ChemAmp: Amplified Chemistry Tools via Composable Agents
Summary: arXiv:2505.21569v3 Announce Type: replace-cross
Abstract: Although LLM-based agents are proven to master tool orchestration in scientific fields, particularly chemistry, their single-task performance remains limited by underlying tool constraints. To this end, we propose tool amplification, a novel paradigm that enhances the collective capabilities of specialized tools through optimized, dynamic coordination within individual tasks.
Instantiating this paradigm, we introduce ChemAmp, a computationally lightweight framework that dynamically treats chemistry tools (e.g., UniMol2, Chemformer) as composable building-block agents. It constructs task-specialized super-agents that transcend atomic tool constraints with limited data (≤10 samples). Our evaluations across four core chemistry tasks molecular design, molecule captioning, reaction prediction, and property prediction demonstrate that ChemAmp outperforms chemistry-specialized models, generalist LLMs, and agent systems with tool orchestration. Critically, this bottom-up construction strategy enables 94% inference token cost reductions versus vanilla multi-agent systems.
Introduction
The field of chemistry has experienced significant advancements with the introduction of large language models (LLMs) and their capability to orchestrate various tools. However, these models often struggle with single-task performance, primarily due to the limitations inherent in the tools themselves. ChemAmp aims to overcome these challenges by employing a novel approach called tool amplification.
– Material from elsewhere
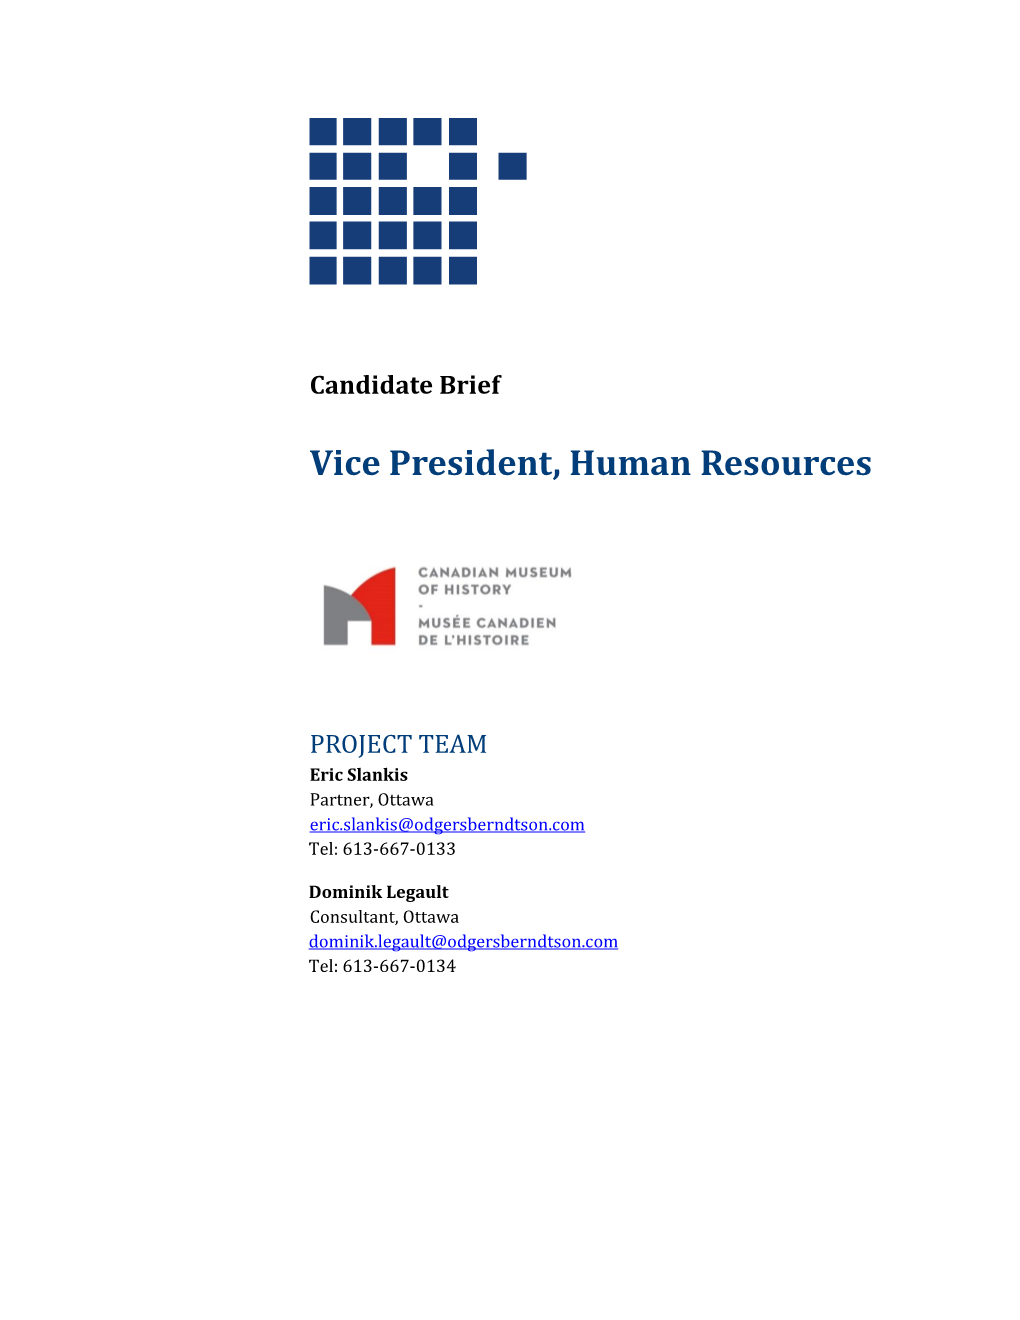 Vice President, Human Resources

Tool Amplification Paradigm
Tool amplification is conceived as a strategy to enhance the functionality of specialized tools through optimized coordination. By treating each chemistry tool as a composable agent, ChemAmp constructs super-agents that can efficiently tackle complex tasks without being hindered by individual tool constraints.
ChemAmp Framework
ChemAmp is designed to be a lightweight computational framework that dynamically combines various chemistry tools. This innovative approach allows the framework to operate effectively even with limited data, requiring as few as 10 samples for training. The framework’s architecture includes several key components:
- Composable Agents: Each chemistry tool functions as an independent agent that can be combined with others.
- Dynamic Coordination: The framework optimizes the coordination between tools to enhance overall performance.
- Task Specialization: Super-agents are formed based on the specific tasks they are designed to perform.
Core Evaluations
We evaluated ChemAmp across four critical chemistry tasks:
- Molecular Design: Generating novel molecular structures based on specified criteria.
- Molecule Captioning: Describing molecular structures in natural language.
- Reaction Prediction: Anticipating the outcomes of chemical reactions.
- Property Prediction: Estimating the properties of molecules based on their structures.
Results from these evaluations demonstrate that ChemAmp significantly outperforms both chemistry-specialized models and generalist LLMs, showcasing its effectiveness as a versatile tool in the chemistry domain.
Conclusion
ChemAmp represents a significant step forward in the orchestration of chemistry tools, offering enhanced capabilities through its innovative tool amplification paradigm. By reducing inference token costs by 94% compared to traditional multi-agent systems, ChemAmp not only improves performance but also ensures efficiency in computational resources.
As the landscape of AI in chemistry continues to evolve, frameworks like ChemAmp may pave the way for more sophisticated and effective approaches to scientific problem-solving.